Popular culture has become so intensely dumbed-down that when trying to recognize excellence or anything fine, they simply make it worse. But I'm a bit Callused.


----------



## Couac Addict (Oct 16, 2013)

How long was her right arm?


----------



## Aramis (Mar 1, 2009)

NO BIG DEAL

You'll better listen to Carreras singing Mattinata by Leoncavallo in the best symphonic arrangement:


----------



## GreenMamba (Oct 14, 2012)

Why wouldn't you honor the birthday of someone dead? They do it all the time. If they do it on the death anniversary, then it seems like your happy they're dead.

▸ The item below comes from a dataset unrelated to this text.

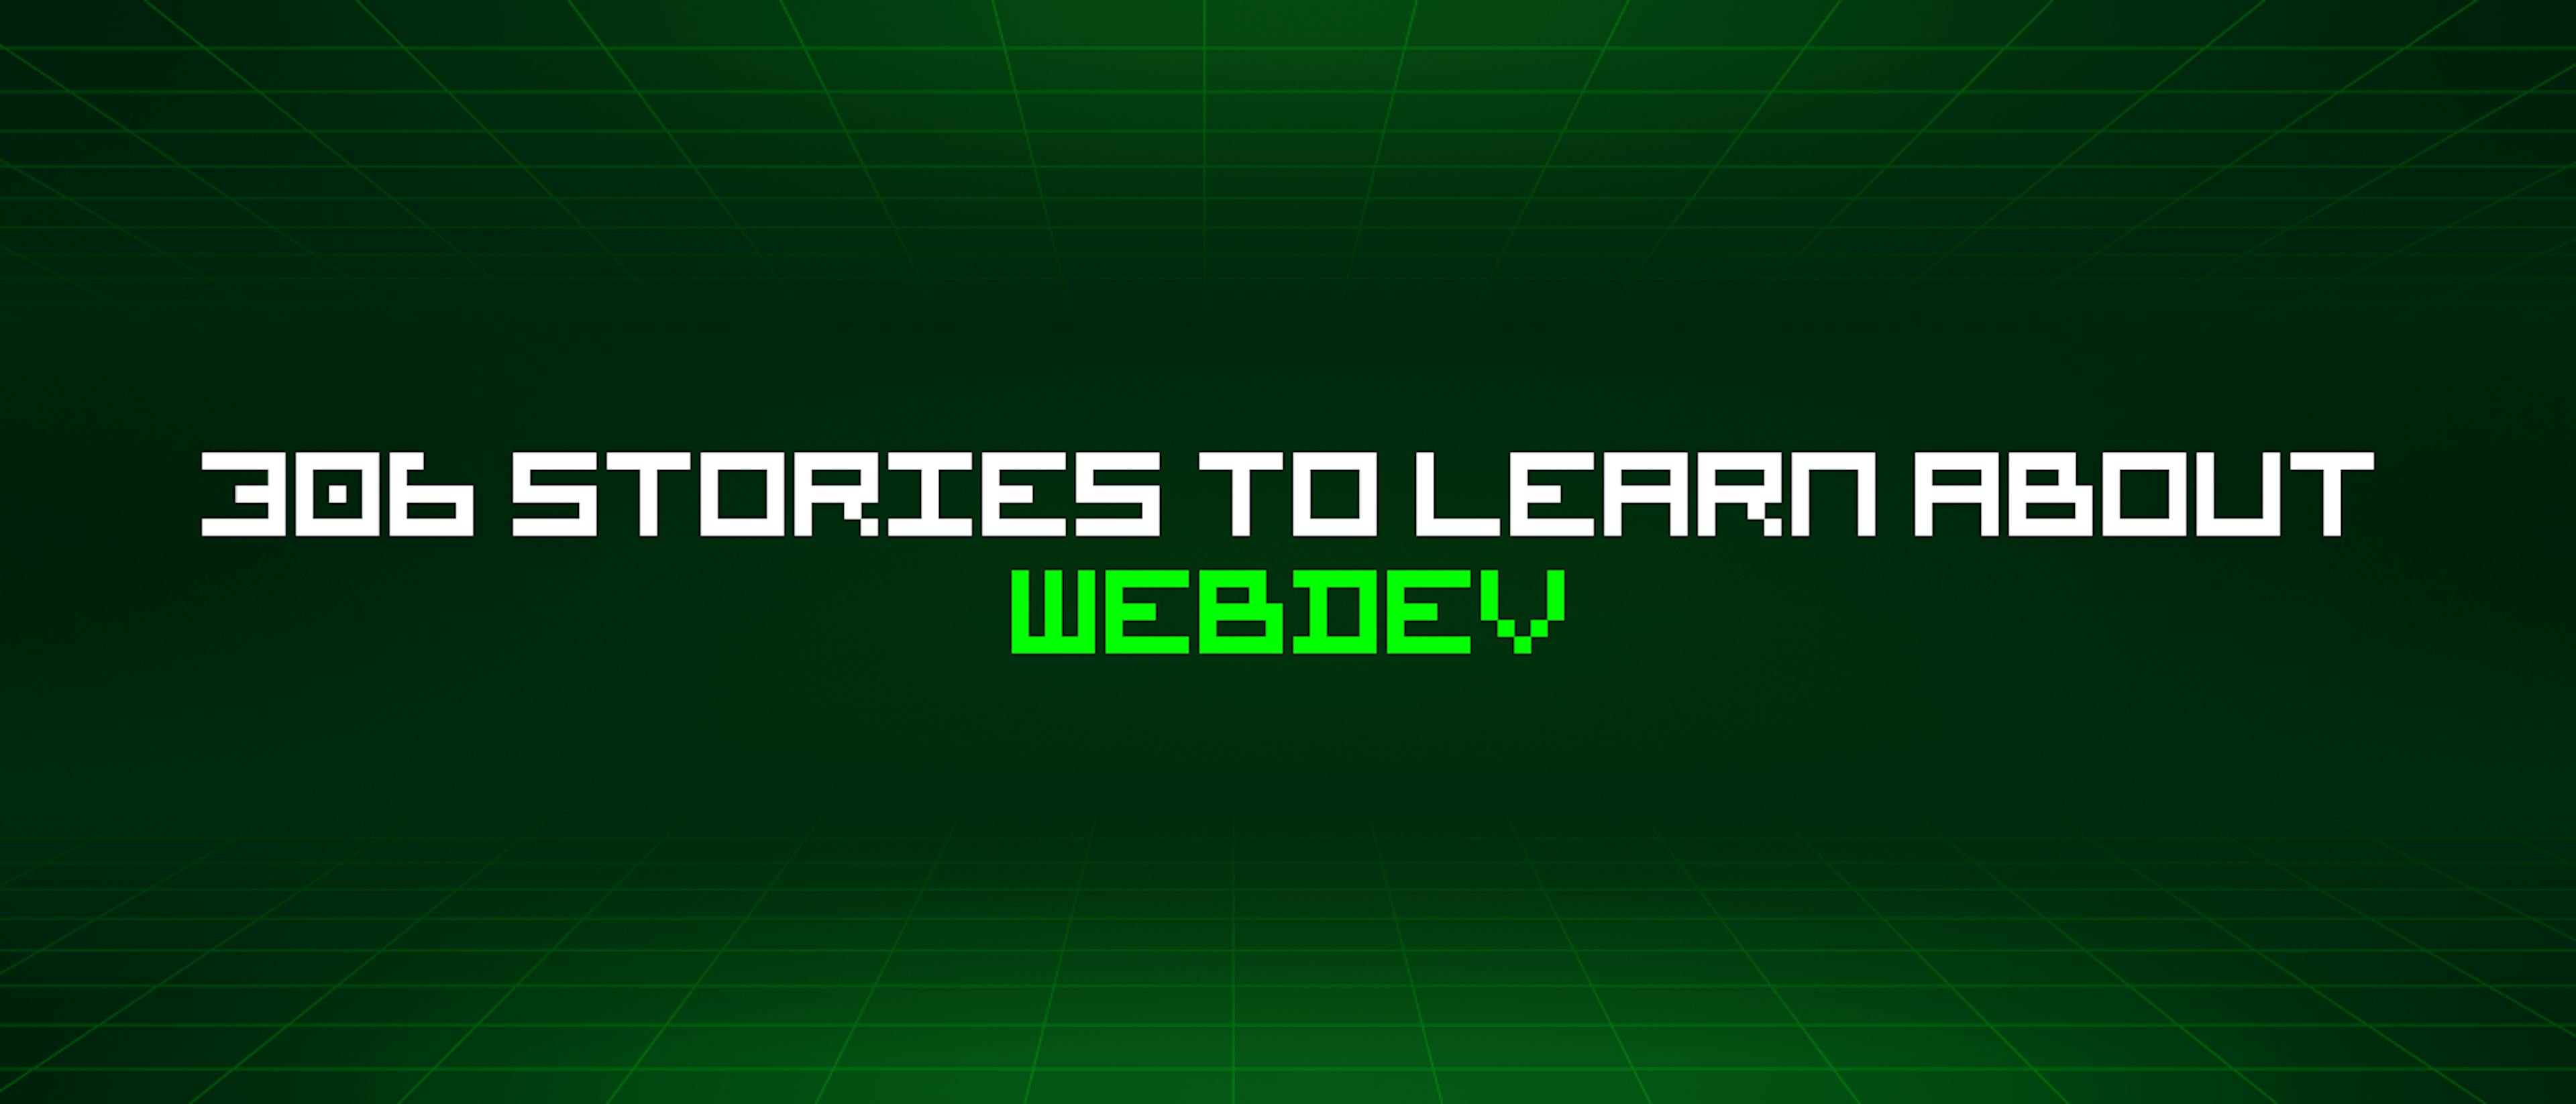 featured image - 306 Stories To Learn About Webdev
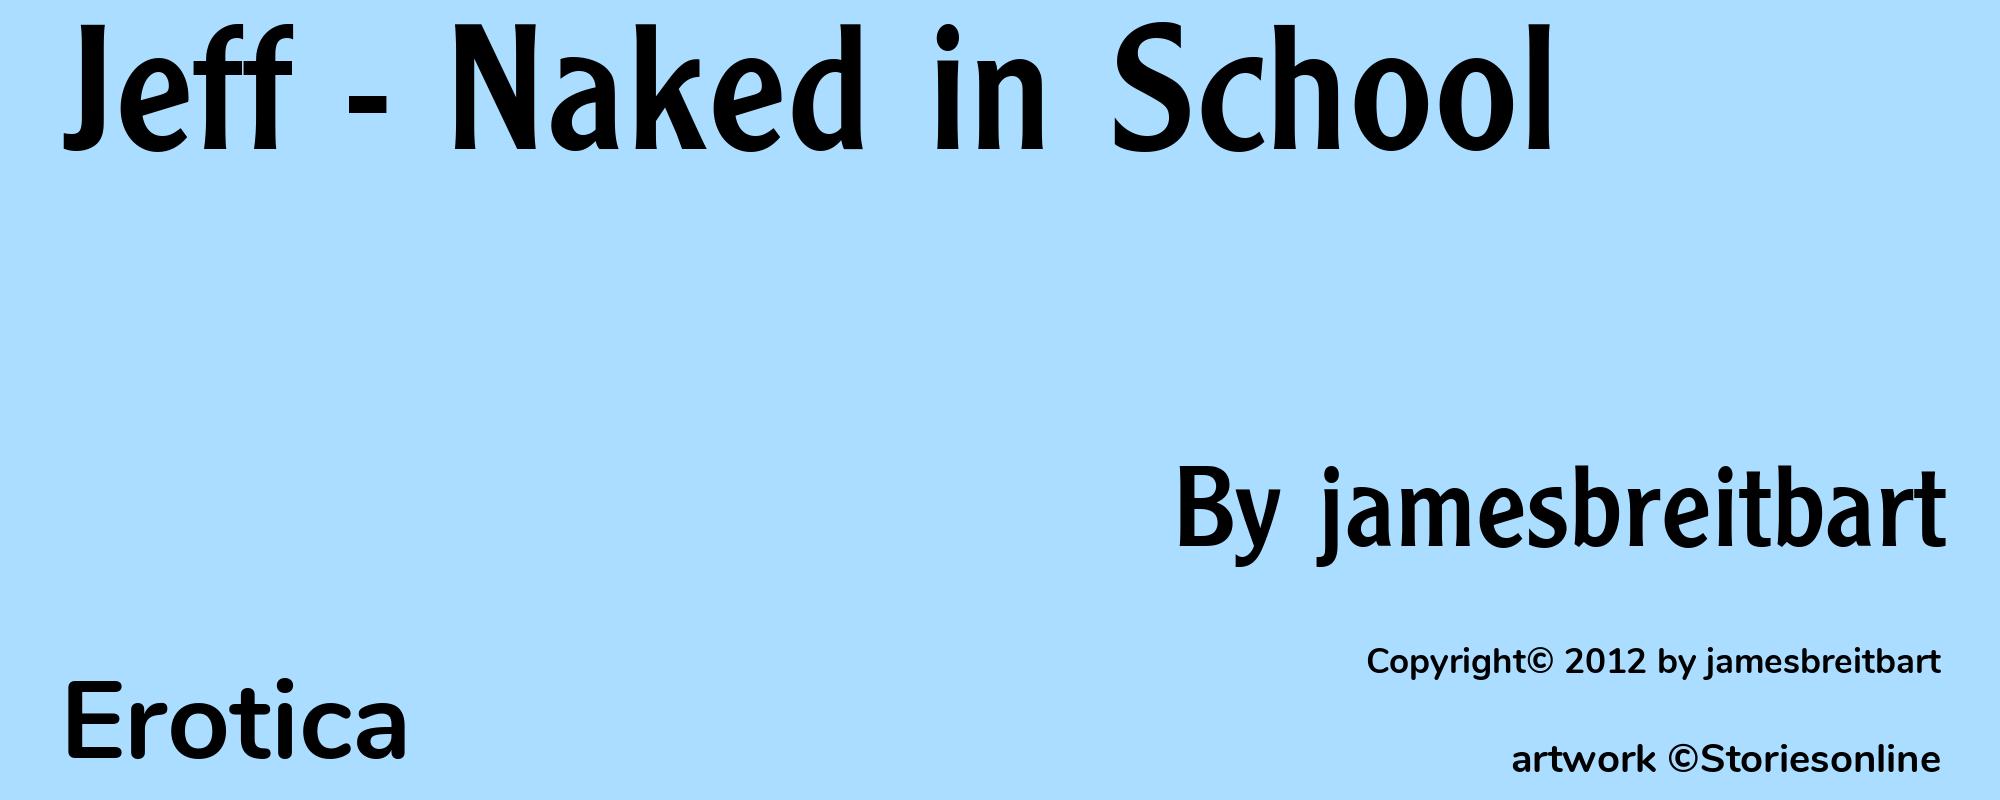 Jeff - Naked in School - Cover

And maybe it's just me, but I don't see the misspelling (except in this thread title).


----------



## Couac Addict (Oct 16, 2013)

The title of the Google doodle is _Maria Callas' 90th birthday_ which to me, implies that she's just turned 90.
I know it's done all of the time. Verdi's 200th birthday, for example. I'm not convinced that when we celebrate a birthday, we are literally celebrating the year of our birth but instead celebrating being a year older. 
Birthdays are reserved for the living, or else there would be no one to blow out the candles.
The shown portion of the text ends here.